ISMT

\(\rho(h)=\frac{\gamma(h)}{\gamma(0)}\)

Note:

•  \(\gamma(0)\) is the variance of the series
• This only works due to stationarity. Pearson correlation coefficient is actually \(\frac{cov(X, Y)}{\sigma_X\sigma_Y}\)

\(Var(aX) = a^2Var(X)\)

Easy proof:

\(Var(aX)=Cov(aX,aX)=E[aXaX]-E[aX]E[aX]\)

\(=a^2E[X^2]-a^2E[X]E[X]=a^2\underbrace{\left[E[x^2]-E[X]E[X]\right]}_{Var(X)}\)

\(E(X) = \sum_{i=1}^{n} x_i p(x_i)\)

\(E(X) = \int_{-\infty}^{\infty} x f(x) \, dx\)

\(\text{Var}(X)=E([X-E(X)]^2)\)

\(\text{Var}(X) = \sum_{i=1}^{n} (x_i - \mu)^2 p(x_i)\)

\(\text{Var}(X) = \int_{-\infty}^{\infty} (x - \mu)^2 f(x) \, dx\)

A continuous uniform distribution over the interval [a, b] has a probability density function (pdf) given by:

\(f(x) = \frac{1}{b-a} \quad \text{for} \, a \leq x \leq b\)

and \(f(x) = 0\) outside this interval. 

Expected Value, E(X), Calculation

The expected value of X for a continuous uniform distribution is calculated using the integral:

\(E(X) = \int_{-\infty}^{\infty} x f(x) \, dx\)

Given the pdf \(f(x) = \frac{1}{b-a} \text{for } a \leq x \leq b\), the integral simplifies to:

\(E(X) = \int_{a}^{b} x \frac{1}{b-a} \, dx\)

because f(x) = 0 outside [a, b].

Now, let's solve this integral:

\(E(X) \\= \frac{1}{b-a} \int_{a}^{b} x \, dx\\= \frac{1}{b-a} \left[ \frac{x^2}{2} \right]_{a}^{b}\\= \frac{1}{b-a} \left( \frac{b^2}{2} - \frac{a^2}{2} \right)\\= \frac{b^2 - a^2}{2(b-a)}\\= \frac{(b-a)(b+a)}{2(b-a)}\\= \frac{b+a}{2}\)

So, the expected value E(X) of a continuous uniform distribution over the interval [a, b] is the midpoint of the interval, which is:

\(E(X) = \frac{a + b}{2}\)

This result shows that for a continuous uniform distribution, the expected value is simply the average of the lower and upper bounds of the distribution's interval.
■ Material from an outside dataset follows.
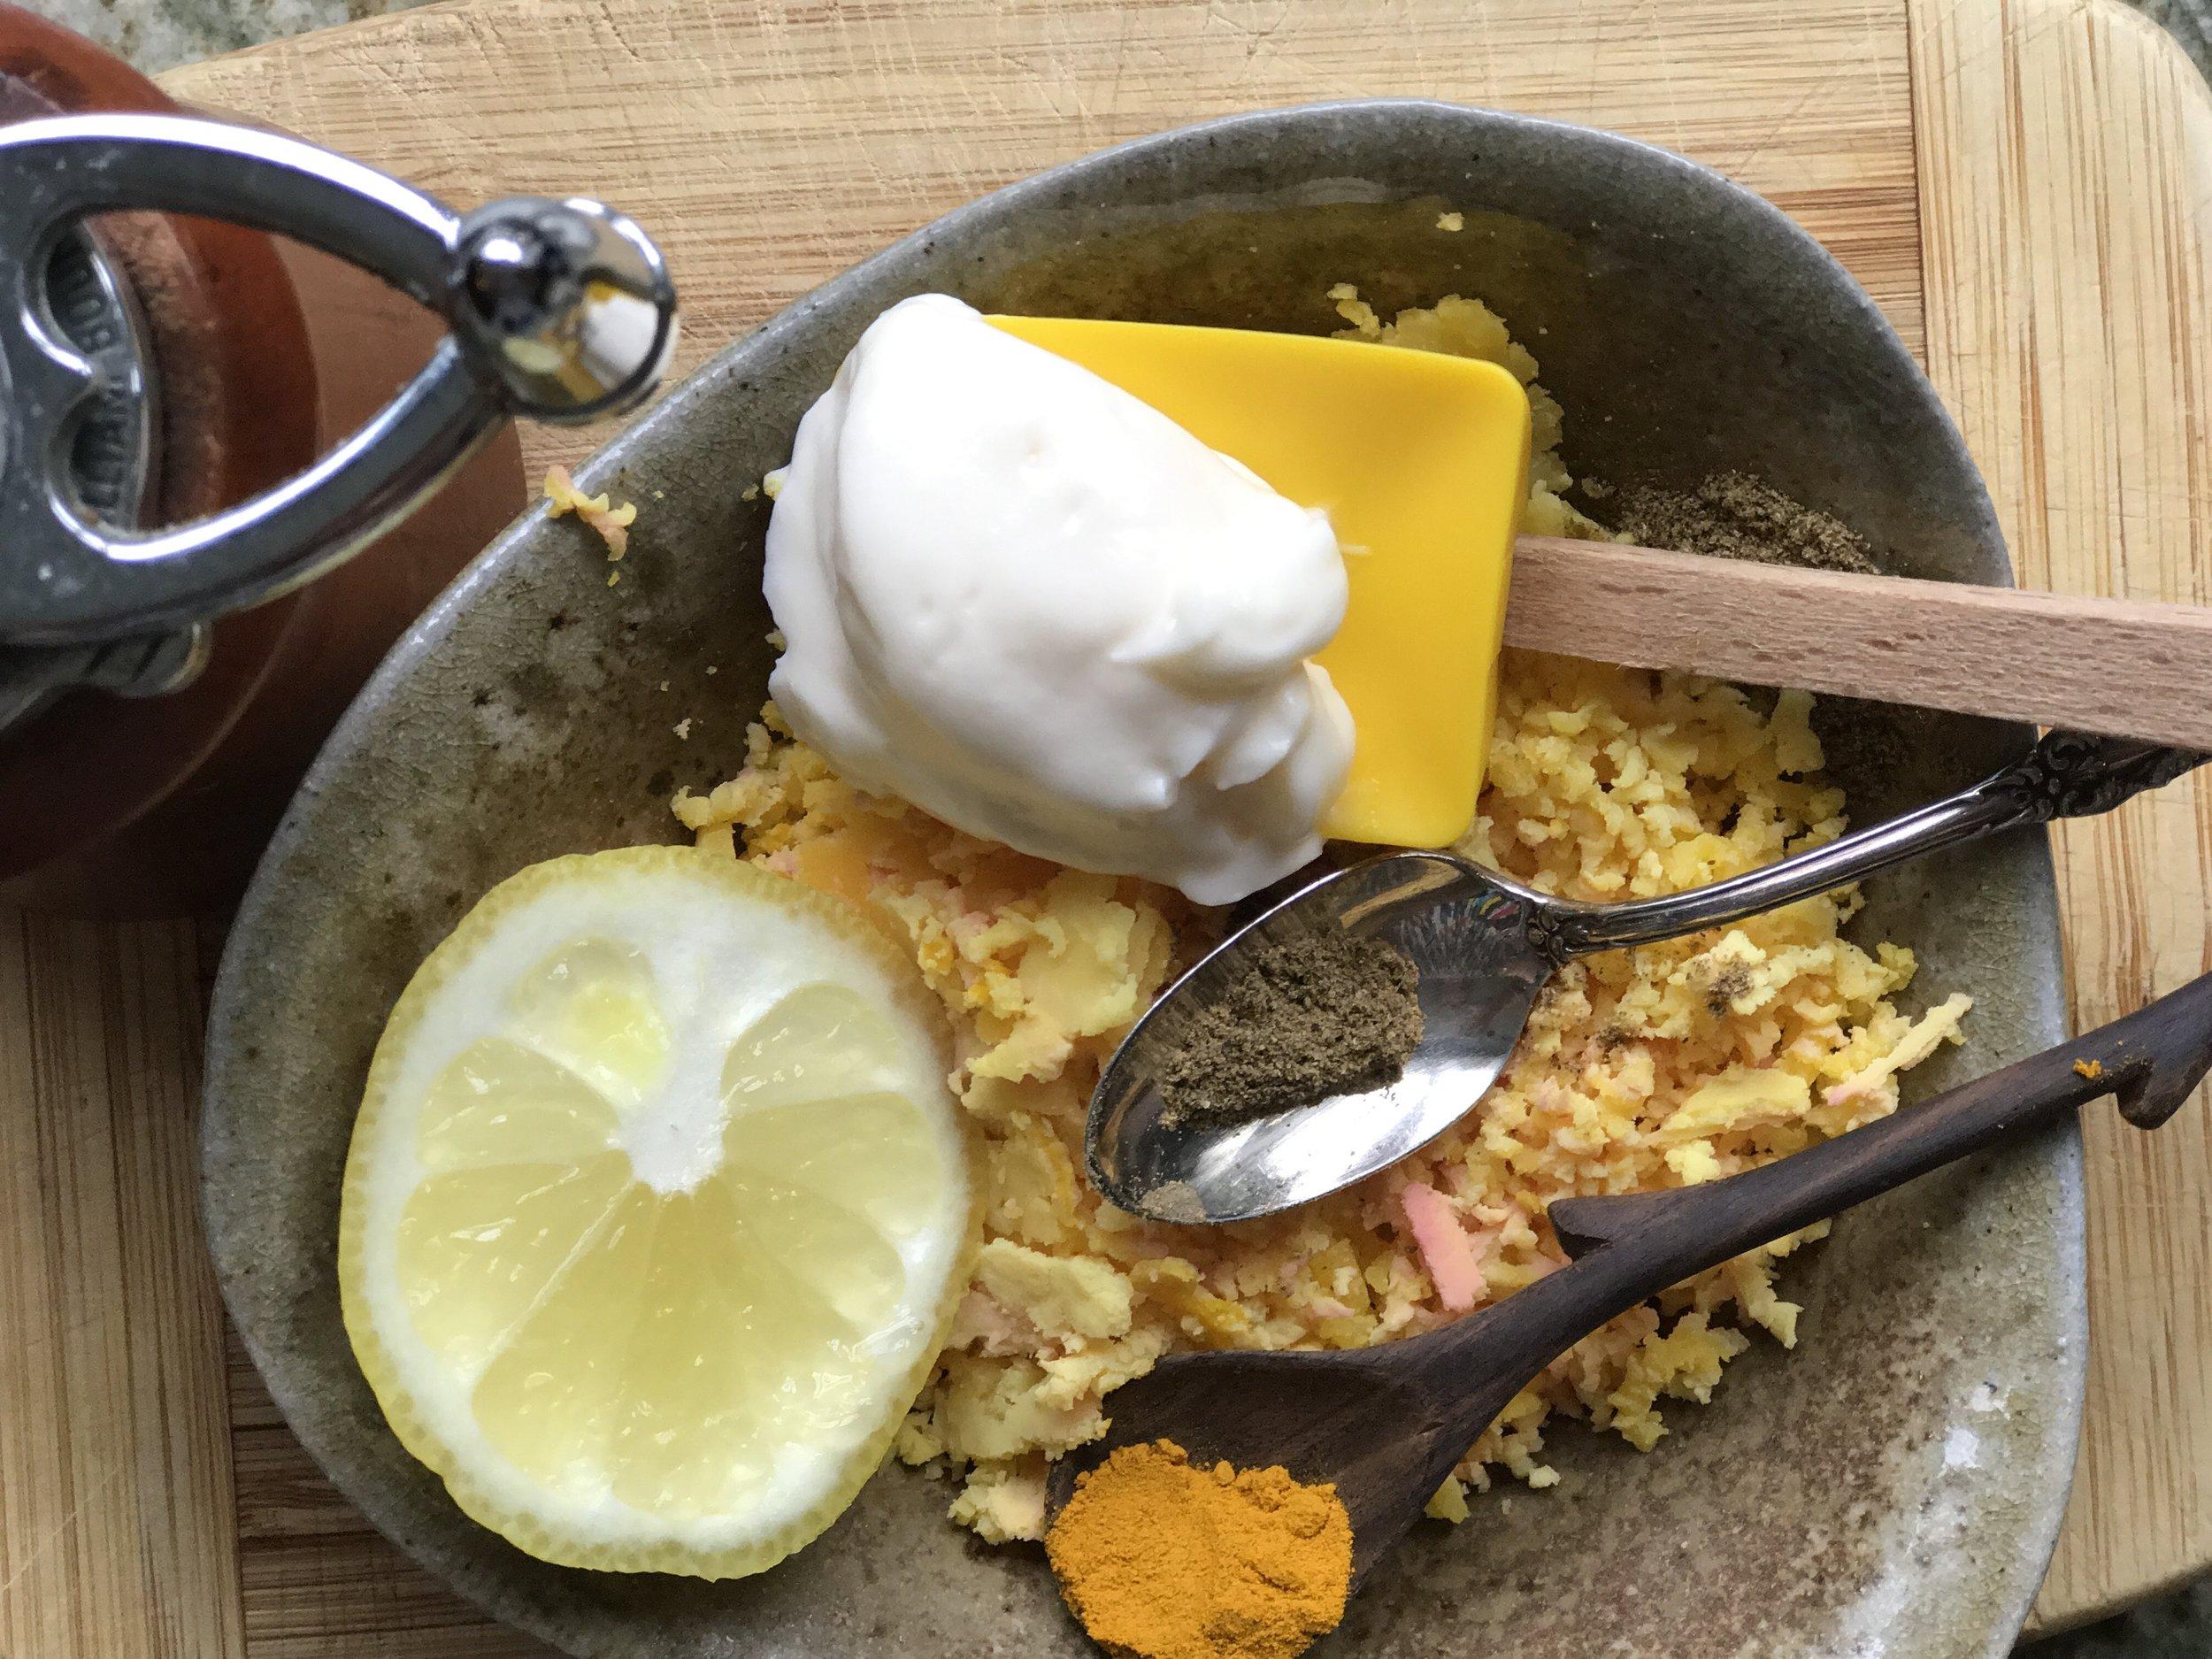 Prep the filling! - I used mayo, cumin, turmeric and lemon juice.

\(E[X|Y = y] = \sum_{x} x \, p_{X|Y}(x|y)\)

\(E[X|Y = y] = \int_{-\infty}^{+\infty} x \, f_{X|Y}(x|y) \, dx\)

\(E[X]=E[E[X|Y]]\)

\(Var(X)=Var(E[X|Y])+E[Var(X|Y)]\)

\(h(X)=E[Y|X]\)

provided the expectations exist. "The expected value is always the best (linear?) predictor."